Hiring doesn’t break during interviews. It breaks when clarity is missing at the start.

Modern hiring teams need structure without rigidity. Recruitera helps teams create clear, structured job requisitions with defined approval flows, SLAs, and full visibility across stakeholders, while directly connecting approved requisitions to the hiring pipeline. This ensures hiring starts with alignment and stays consistent through every stage that follows.

Most hiring problems don’t start with candidates. They start with decisions that were rushed, unclear, or never fully made.

A strong job requisition forces the right conversations to happen early, when they’re easiest to have and cheapest to change. Fix that foundation, and many of the issues teams struggle with later simply don’t appear. Hiring doesn’t need to be chaotic. But it does need clarity, before the job is ever posted.

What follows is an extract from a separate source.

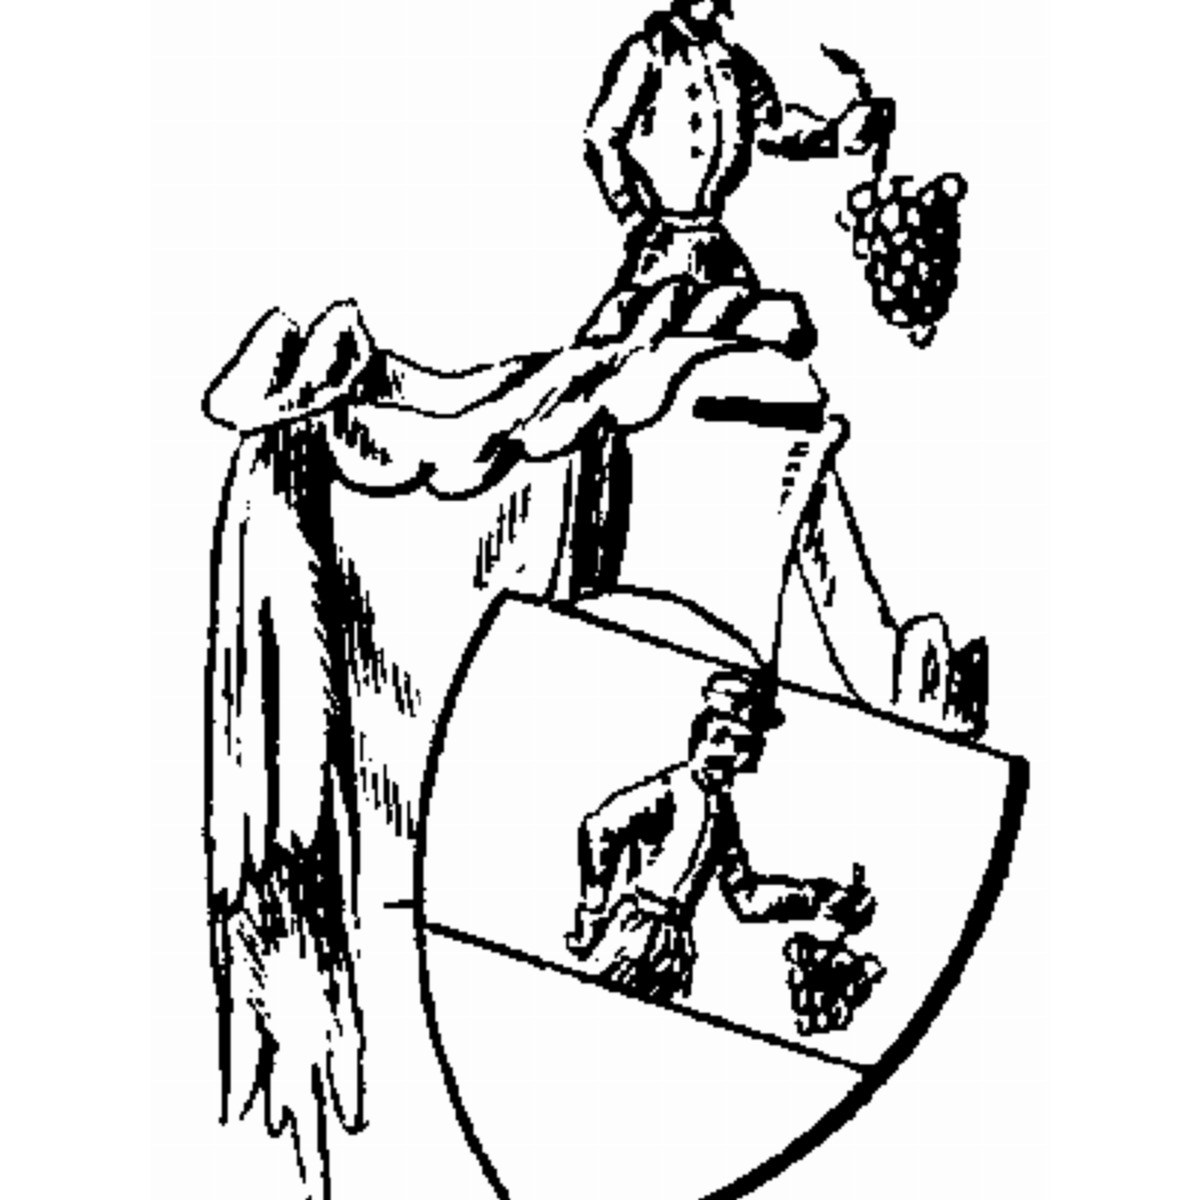 Coat of arms of family Caro

1. What is a request for employment?

The internal brief that outlines the purpose of a position, the necessary qualifications, the level, the budget, and the person who must authorize the appointment is called a job requisition.

2. What is the impact on hiring of a broken job requisition?

Because everyone has different goals in mind, it causes expectations to change, slows down decision-making, and results in mis-hires.

3. What should be included in a compelling job request?

A clear business reason, 3–5 success measures (6–12 months), must-have vs nice-to-have abilities, seniority/budget, and decision owner/approval flow.

4. How can I rapidly fix a faulty request that already exists?

Put the process on hold, get stakeholders to agree on goals and success indicators, modify the brief, and then resume sourcing using the updated standards.